Directions
Only the last stretch of the records is wanted: restate word for word the line with "PRIMARY DETAILS" and every line after it.

═══ Extracted material

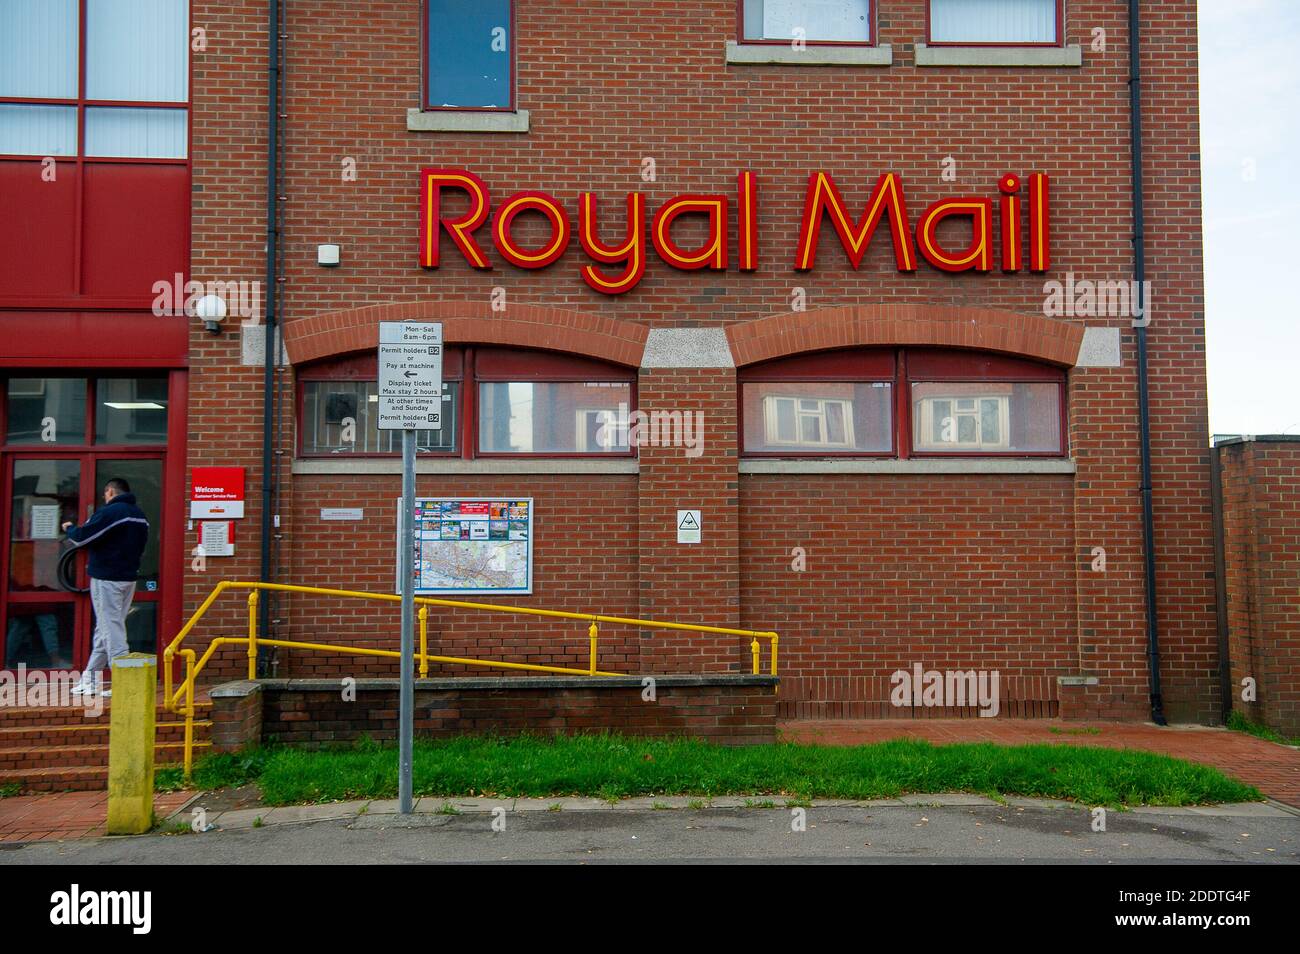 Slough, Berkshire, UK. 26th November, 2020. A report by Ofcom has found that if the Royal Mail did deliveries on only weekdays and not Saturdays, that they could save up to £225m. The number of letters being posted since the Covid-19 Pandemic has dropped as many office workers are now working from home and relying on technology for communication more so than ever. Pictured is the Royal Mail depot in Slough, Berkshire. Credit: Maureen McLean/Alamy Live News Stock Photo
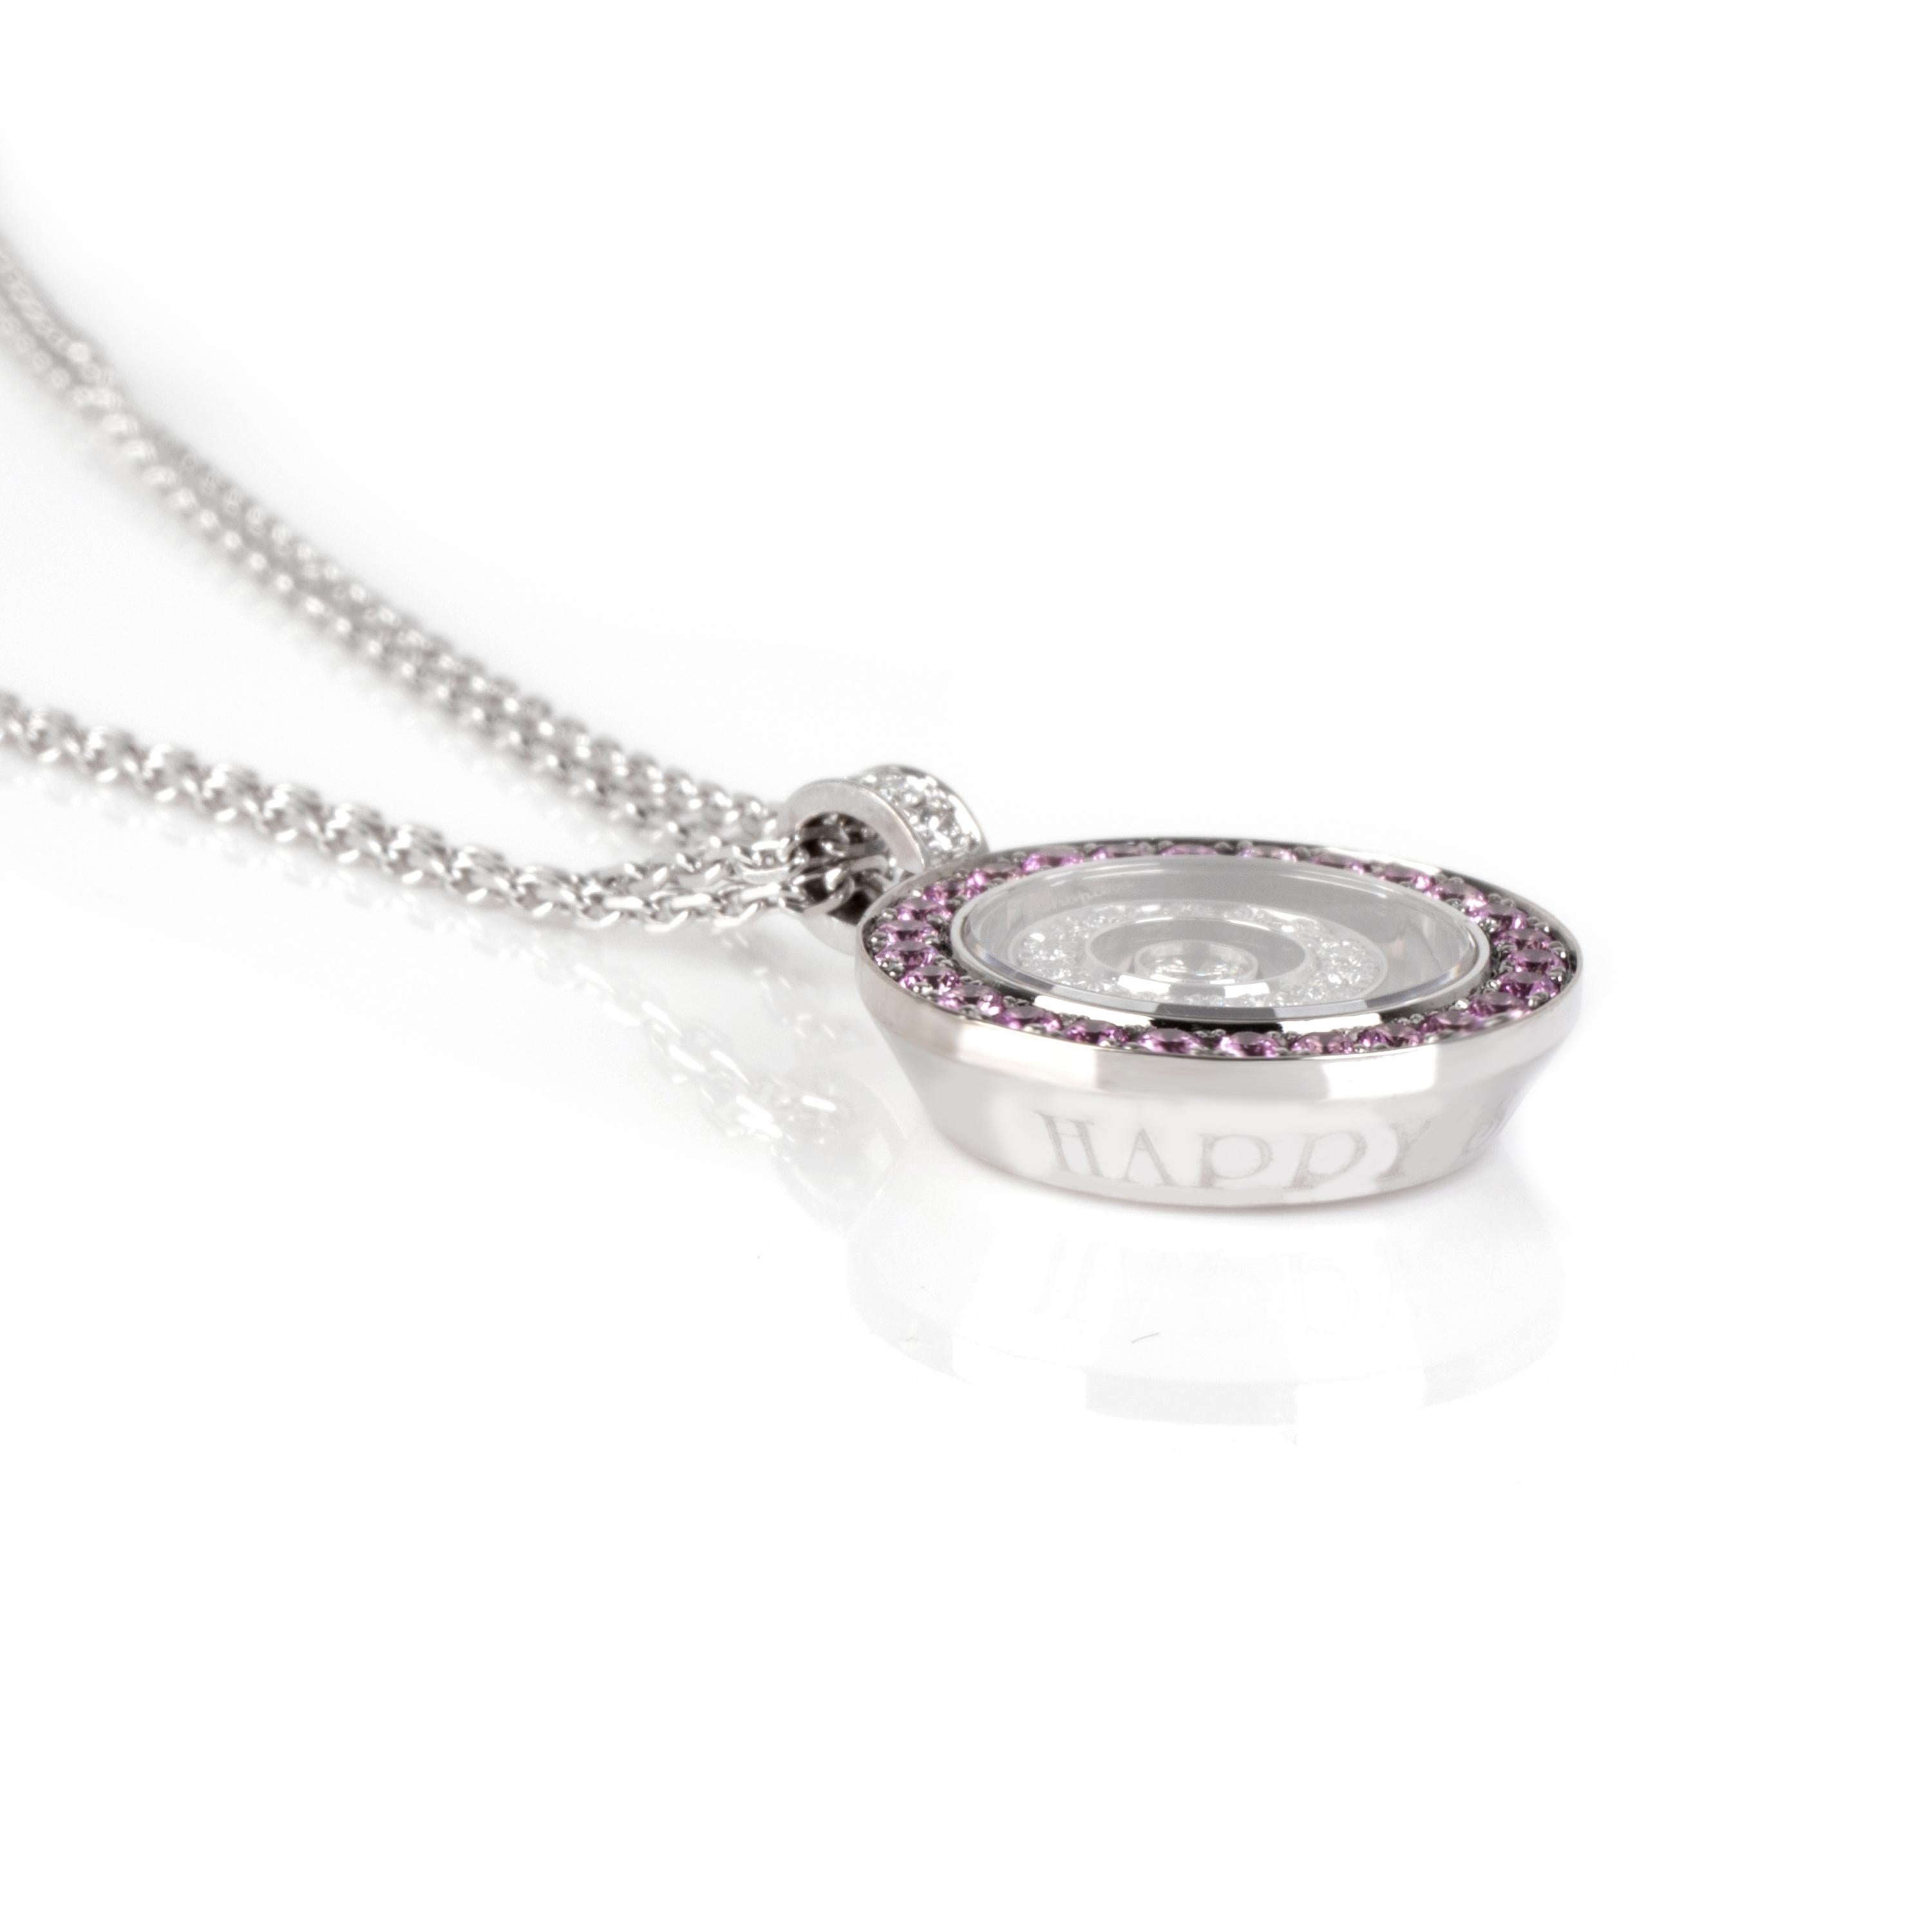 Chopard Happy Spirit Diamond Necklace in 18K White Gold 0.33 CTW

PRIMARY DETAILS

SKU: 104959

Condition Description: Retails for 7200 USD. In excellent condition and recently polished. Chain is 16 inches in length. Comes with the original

══════

Result
PRIMARY DETAILS

SKU: 104959

Condition Description: Retails for 7200 USD. In excellent condition and recently polished. Chain is 16 inches in length. Comes with the original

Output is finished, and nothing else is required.